06.01.00 -
KAJIAN
No comments
Kerudung dalam Tradisi Yahudi dan Kristen
Menarik sekali statemen Menteri Dalam Negeri Italia Giulliano Amato,
beberapa waktu lalu menjawab tuntutan dari kelompok ekstrim sekuler di Italia
yang menginginkan agar dikeluarkannya larangan berkerudung bagi Muslimah di
Italia. Ia mengatakan demikian, “Ketika Bunda Maria senantiasa memakai
kerudung, lalu bagaimana bisa kalian berharap dari saya untuk menentang
kerudung kaum Muslimah?”
Dan Amato menambahkan, “Bunda Maria adalah ibu dari nabi kita Isa al-Masih
dan senantiasa memakai kerudung. Bila demikian kenyataannya, bagaimana mungkin
saya menyetujui pelarangan kerudung di negara ini.”
Wanita memakai busana longgar panjang dari leher hingga kaki dan memakai
kerudung penutup kepala adalah suatu keumuman dari zaman ke zaman sebelum
Rasulullah. Ini terbukti dalam Bibel pun ada anjuran tegas mengenai
kerudung. Dan kali ini kita akan bahas satu-persatu bagaimana pandangan kedua
agama tersebut (Yahudi & Kristen) memandang kerudung (penutup kepala).

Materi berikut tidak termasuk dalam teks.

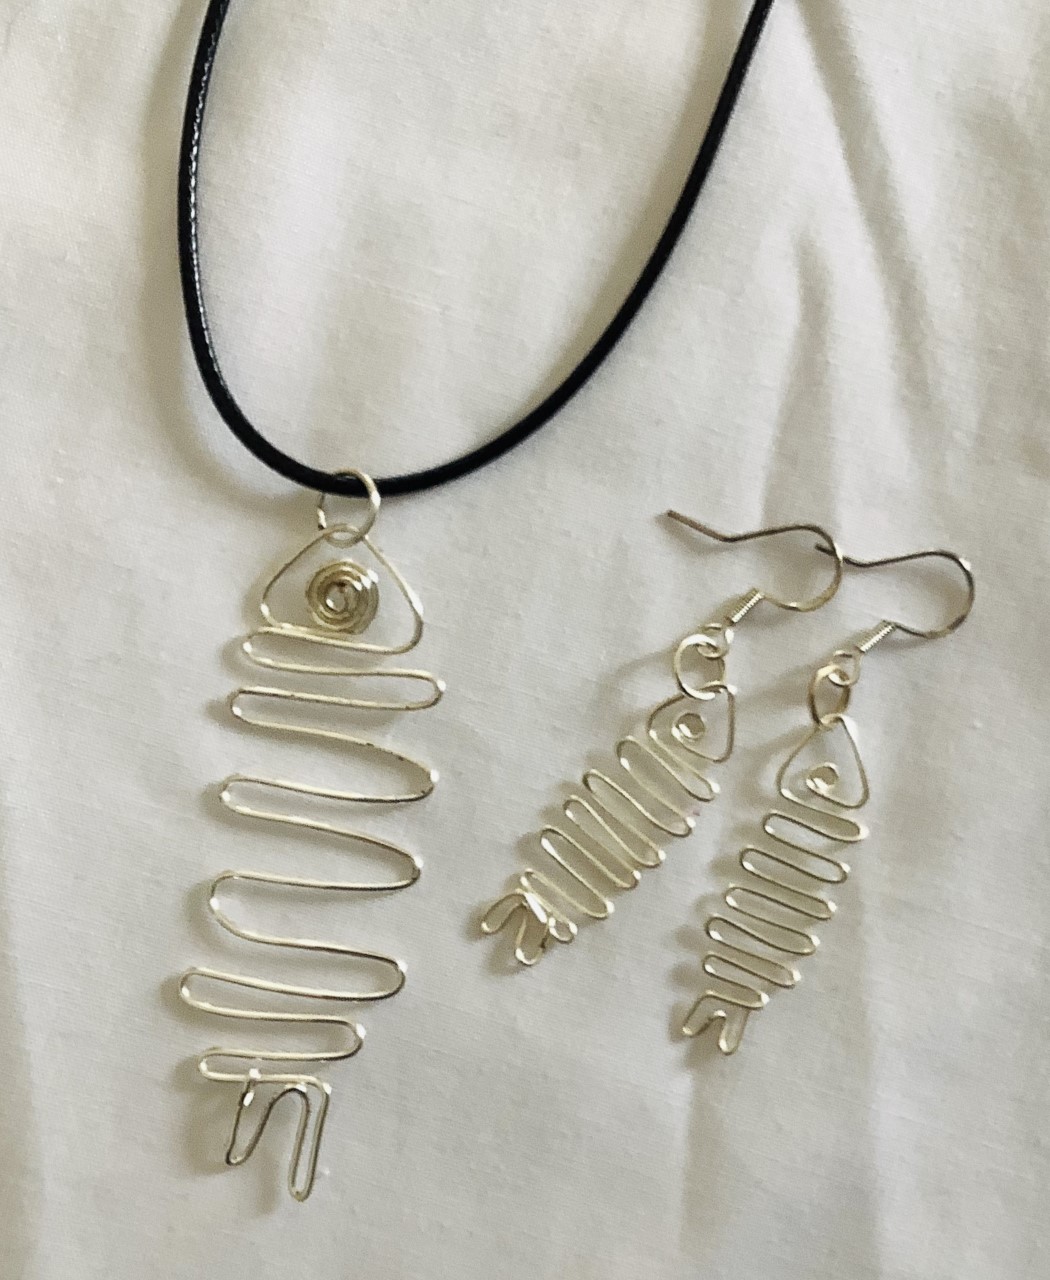 FISH Pendants and earrings.  Hand wired individually with in silver coated copper or aluminum wire.  $40.00 a set. Pieces can purchase the pendants and earring separately.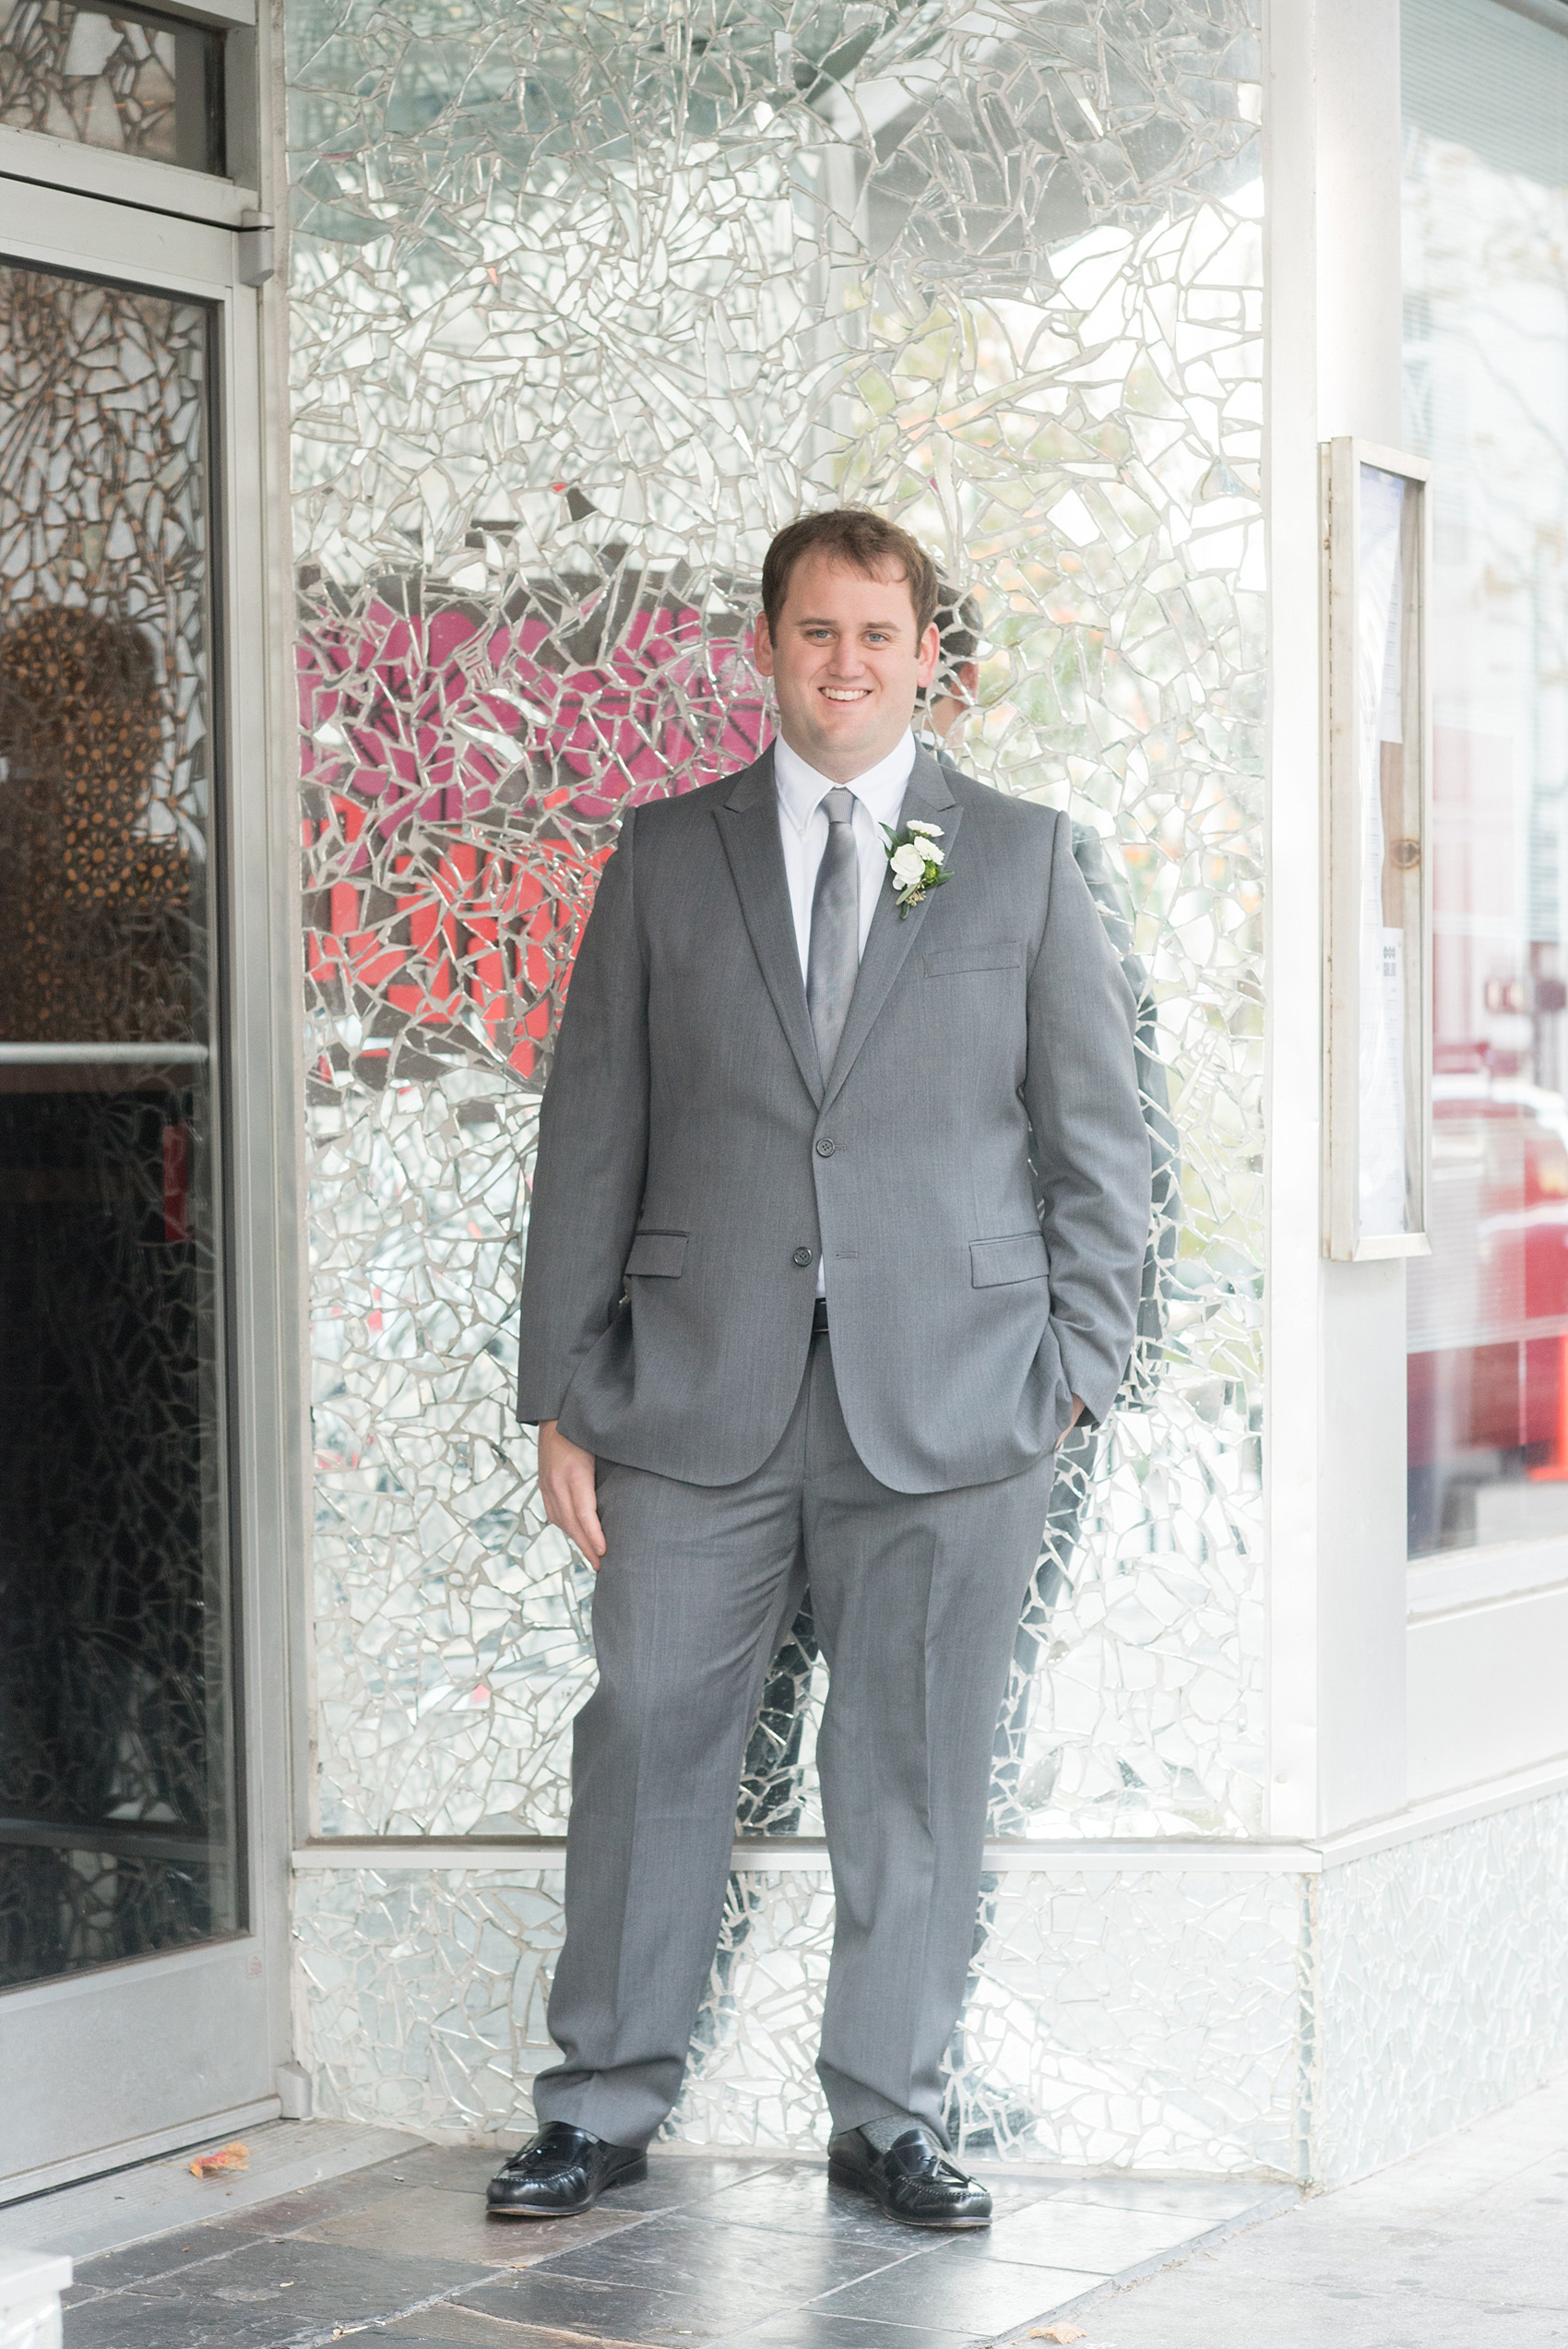 Mikkel Paige Photography photos from a fall wedding at The Stockroom at 230. A unique portrait picture of the groom against mosaic mirrors in downtown Raleigh.

Kerudung dalam Tradisi Yahudi
Seorang pemuka agama Yahudi, Rabbi Dr. Menachem M. Brayer, Professor
Literatur Injil pada Universitas Yeshiva dalam bukunya, The Jewish woman in
Rabbinic Literature, menulis bahwa baju bagi wanita Yahudi saat bepergian
keluar rumah yaitu mengenakan penutup kepala yang terkadang bahkan harus
menutup hampir seluruh muka dan hanya meninggalkan sebelah mata saja. Dalam
bukunya tersebut ia mengutip pernyataan beberapa Rabbi (pendeta Yahudi) kuno
yang terkenal: “Bukanlah layaknya anak-anak perempuan Israel yang berjalan
keluar tanpa penutup kepala” dan “Terkutuklah laki-laki yang membiarkan rambut
istrinya terlihat,” dan “Wanita yang membiarkan rambutnya terbuka untuk
berdandan membawa kemelaratan.”
Hukum Yahudi melarang seorang Rabbi untuk memberikan berkat dan doa kepada
wanita menikah yang tidak menutup kepalanya karena rambut yang tidak tertutup
dianggap “telanjang.” Dr Brayer juga mengatakan bahwa “Selama masa Tannaitic,
wanita Yahudi yang tidak menggunakan penutup kepala dianggap penghinaan terhadap
kesopanannya. Jika kepalanya tidak tertutup dia bisa dikenai denda sebanyak
empat ratus zuzim untuk pelanggaran tersebut.”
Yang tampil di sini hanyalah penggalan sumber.